Der Fischerwolf und der Fuchs
Vor langer Zeit lebten in einem Wald, wo silberne Bäche flossen und verschneite Bäume in den Himmel ragten, ein schlauer Fuchs und ein einfältiger Wolf. Als mitten im Winter die eisigen Winde wehten, gingen alle Nahrungsmittel im Wald aus und die Tiere blieben mit dem Hunger allein. Der schlaue Fuchs, der jede Schwierigkeit mit seiner Intelligenz überwand, schmiedete sogleich einen hinterhältigen Plan, um seinen Bauch zu füllen. Während er fröhlich am Ufer des Sees entlangging, begegnete er einem hilflosen Wolf, der seit Tagen keinen einzigen Bissen bekommen hatte. Als der Wolf die leckeren Fische in den Händen des Fuchses sah, näherte er sich ihm aufgeregt und blickte sie mit Neid an. Mit neugierigen Augen fragte der Wolf den Fuchs, wie er in der eisigen Kälte so viele Fische gefangen habe. Mit einem verschlagenen Lächeln behauptete der Fuchs, dass das Fischen keine so schwere Arbeit sei, wie man glaubte.

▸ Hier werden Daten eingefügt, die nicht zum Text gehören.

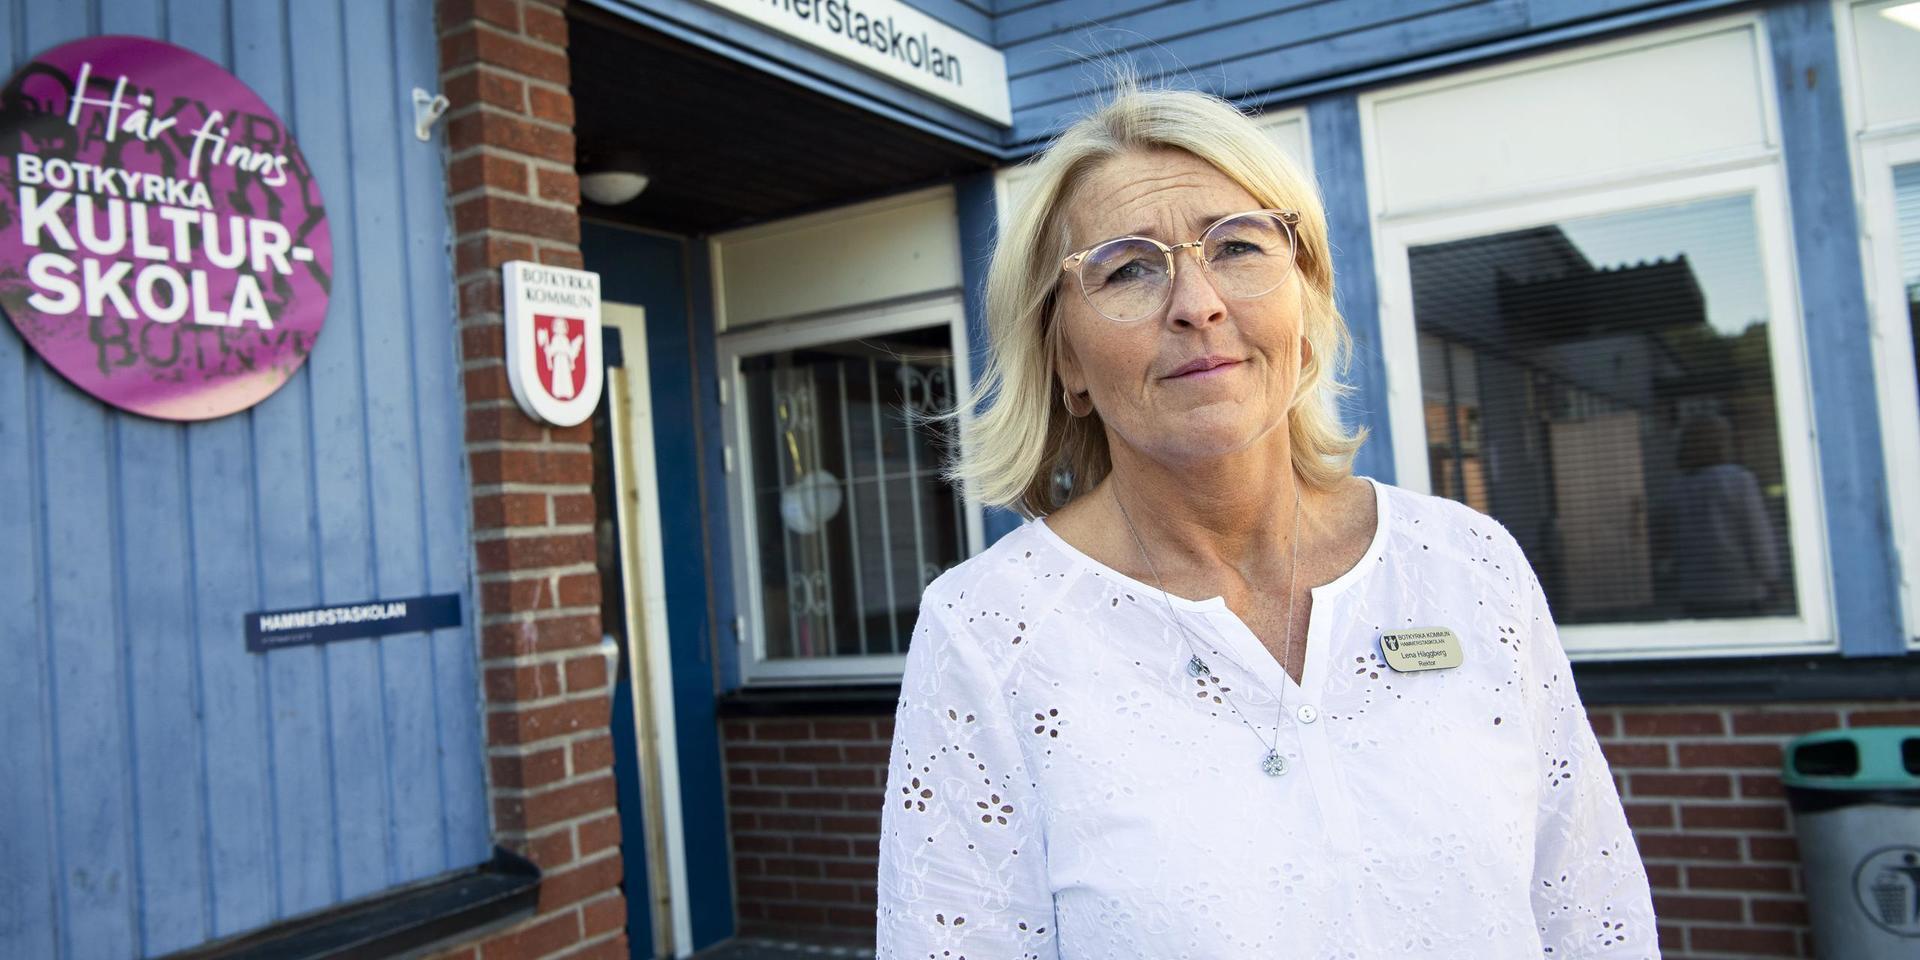 Lena Häggberg, rektor på Hammerstaskolan i Norsborg, är orolig för att sparkrav försämrar möjligheten att fånga upp unga på glid.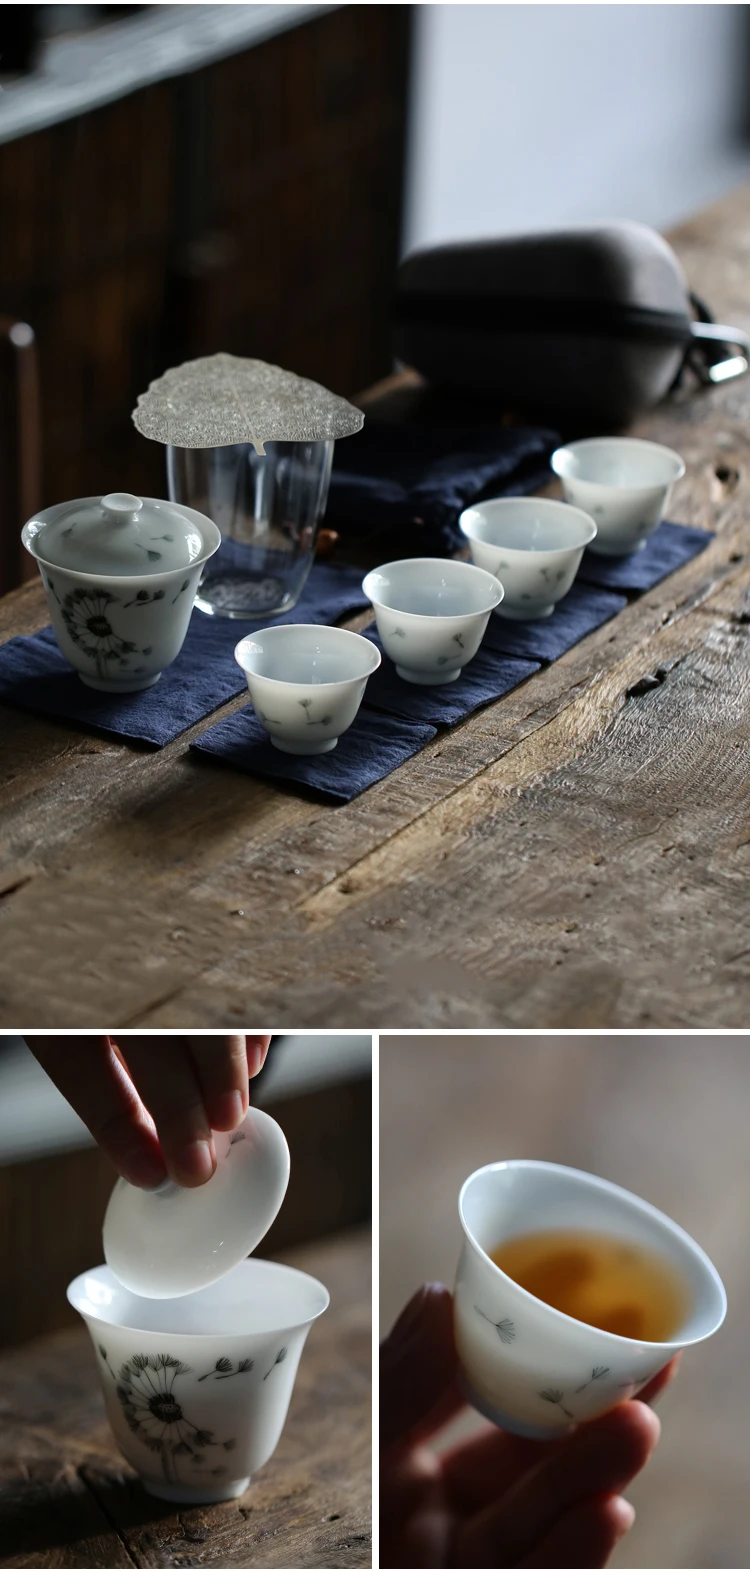 TANGPIN керамический чайник gaiwan Чайные чашки китайский портативный дорожный чайный набор с сумкой для путешествий

Er riet dem Wolf, ein kleines Loch in die gefrorene Oberfläche des Sees zu schlagen und seinen langen Schwanz ins Wasser zu stecken. Er täuschte den Wolf, indem er sagte, je länger er seinen Schwanz im Wasser halte, desto mehr Fische würden daran hängen bleiben. Der einfältige Wolf glaubte diesen süßen Worten des Fuchses sogleich und lief in die Mitte des gefrorenen Sees. Er kratzte das harte Eis mit seinen Krallen auf und ließ seinen langen und buschigen Schwanz langsam in das kleine Loch hinab. Während er im eisigen Frost der Nacht geduldig wartete, begann er ein leichtes Gewicht und ein Ziehen in seinem Schwanz zu spüren. Der arme Wolf, der die Schwere für Fische an der Angel hielt, träumte innerlich von einem leckeren Festmahl. Doch das eisige Wasser des Sees schloss den Schwanz des Wolfes unbarmherzig in einem Eisblock ein.
Mit den ersten Lichtern des Morgens kam der schlaue Fuchs an das Ufer des Sees und betrachtete aus der Ferne den hilflosen Zustand des Wolfes. Der Wolf versuchte aufgeregt, seinen Schwanz herauszuziehen, doch er konnte sich nicht rühren, weil der gefrorene See ihn ganz gefangen hielt. Der hinterhältige Fuchs verkündete es den Dorfbewohnern in der Nähe und lenkte durch sein Rufen die aus dem Winterschlaf erwachten Jäger zum See. Als der Wolf voller Entsetzen die Stimmen der nahenden Jäger hörte, sprang er in Todesangst mit aller Kraft nach vorn. Er ließ seinen im Eis gebliebenen Schwanz zurück, rettete mit Mühe sein Leben und floh in die Tiefen des Waldes, wo er verschwand. Wer den süßen Worten anderer ohne Nachdenken vertraut, zahlt für seine eigene Unwissenheit einen schweren Preis. Wer durch eigene Schuld fällt, weint nicht.